If an int constant begins with `0', it is interpreted as octal, except that if it begins
with `0x', it is interpreted as a hexadecimal constant (but see opaque constants below).
Examples of valid int constants include:
-2
1234567890L
0123 // octal
0x7ff // hexadecimal

int64 integer constants are intended for representing 64-bit signed quantities. The form
of an int64 constant is an integer constant with an `ll' or `LL' appended. If an int64
constant begins with `0', it is interpreted as octal, except that if it begins with `0x',
it is interpreted as a hexadecimal constant. For example:
-2ll // an unsigned -2
0123LL // octal
0x7ffLL //hexadecimal

Floating point constants of type float are appropriate for representing floating point
data with about seven significant digits of precision.
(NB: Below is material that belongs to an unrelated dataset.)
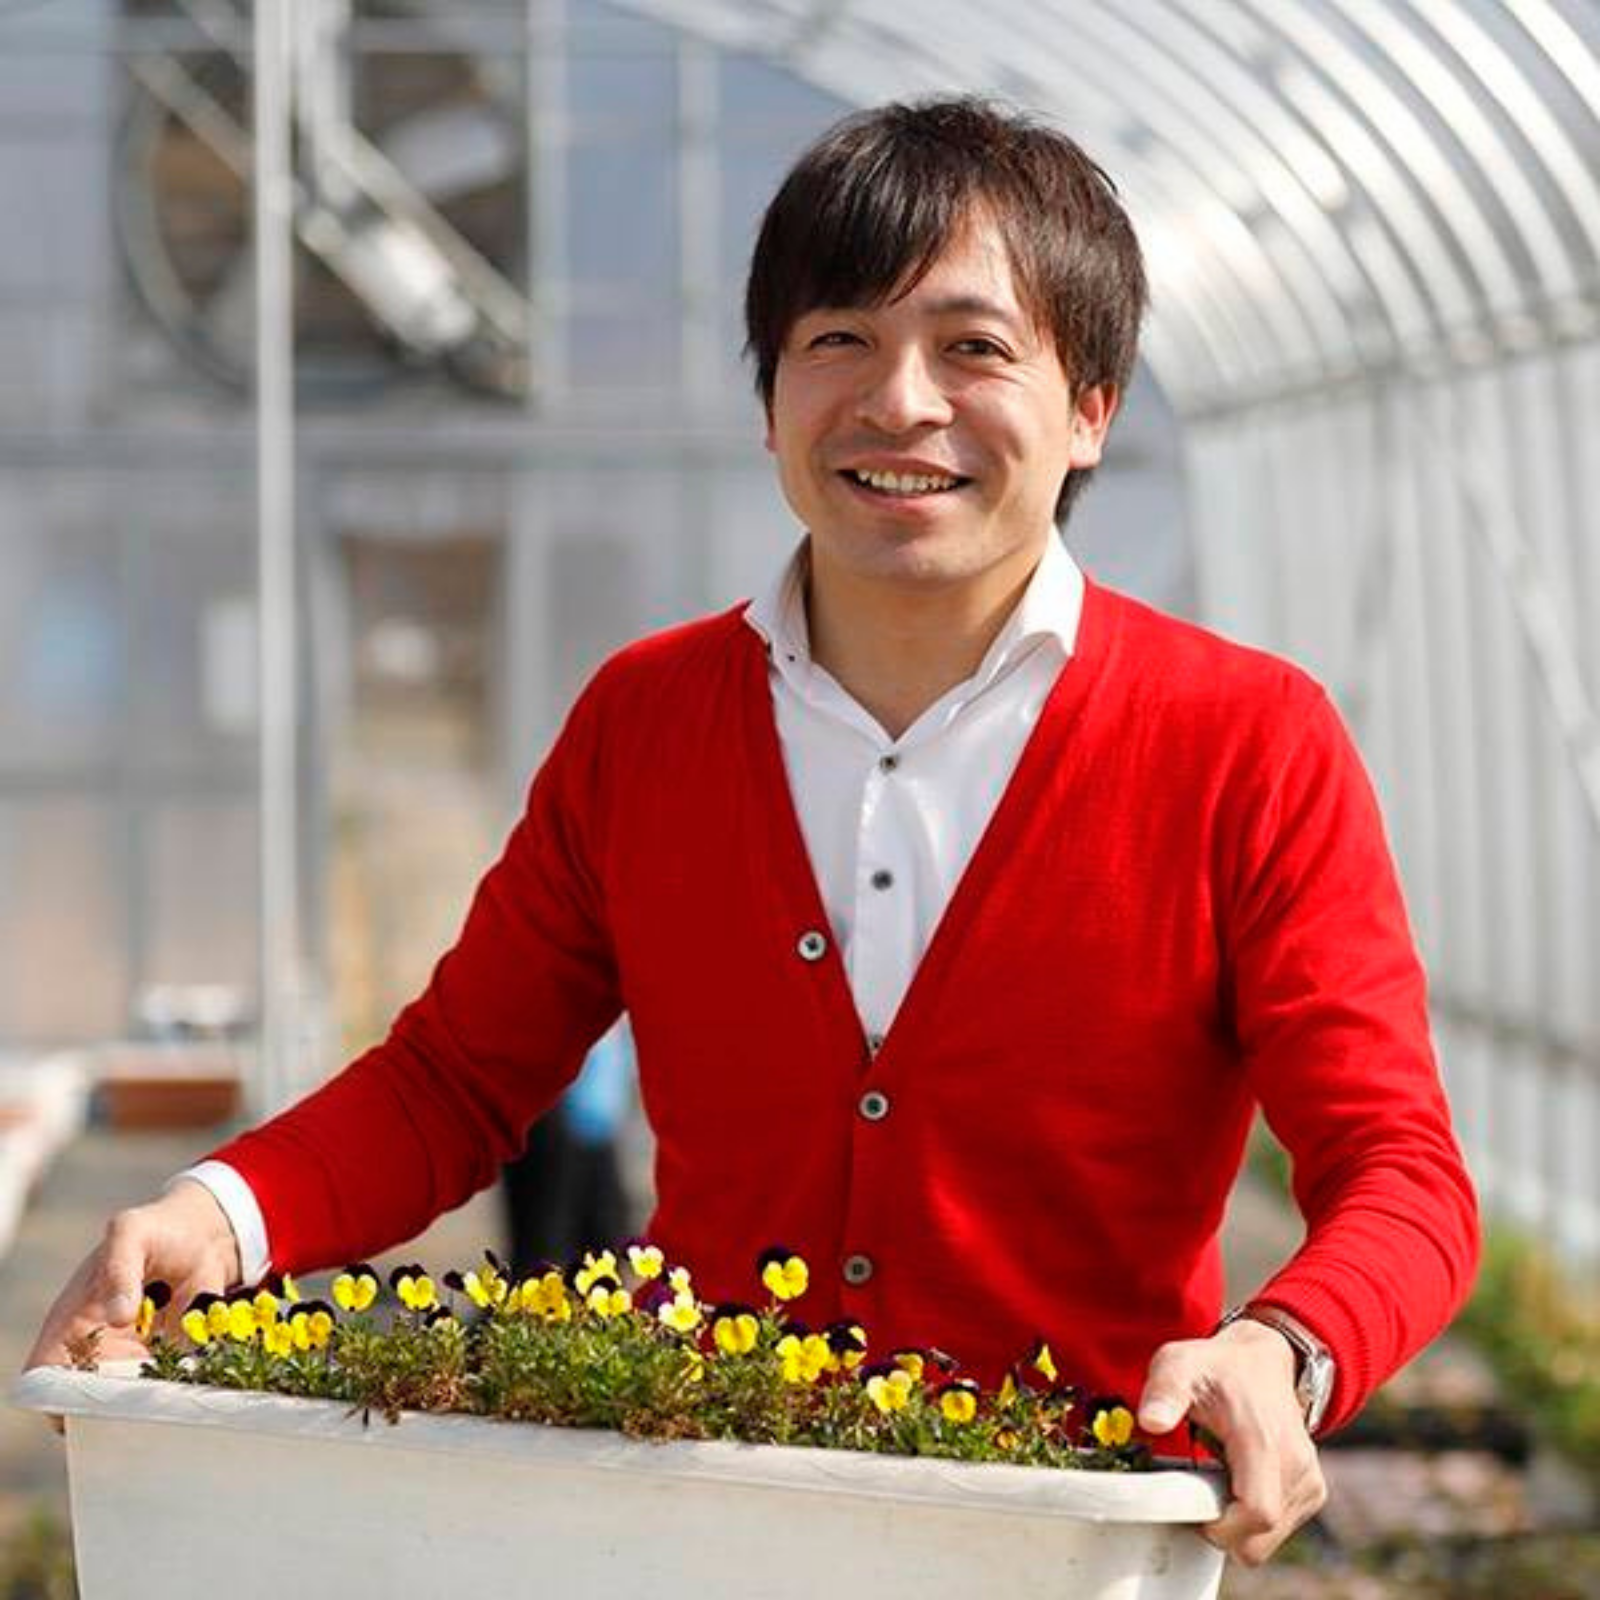 Man holding a edible flower planter

The form of a float constant is
the same as a C floating point constant with an `f' or `F' appended. For example the
following are all acceptable float constants:
-2.0f
3.14159265358979f // will be truncated to less precision
1.f

Floating point constants of type double are appropriate for representing floating point
data with about sixteen significant digits of precision. The form of a double constant is
the same as a C floating point constant. An optional `d' or `D' may be appended. For
example the following are all acceptable double constants:
-2.0
3.141592653589793
1.0e-20
1.d

Unsigned integer constants can be created by appending the character 'U' or 'u' between
the constant and any trailing size specifier, or immediately at the end of the size
specifier. Thus one could say 10U, 100su, 100000ul, or 1000000llu, for example.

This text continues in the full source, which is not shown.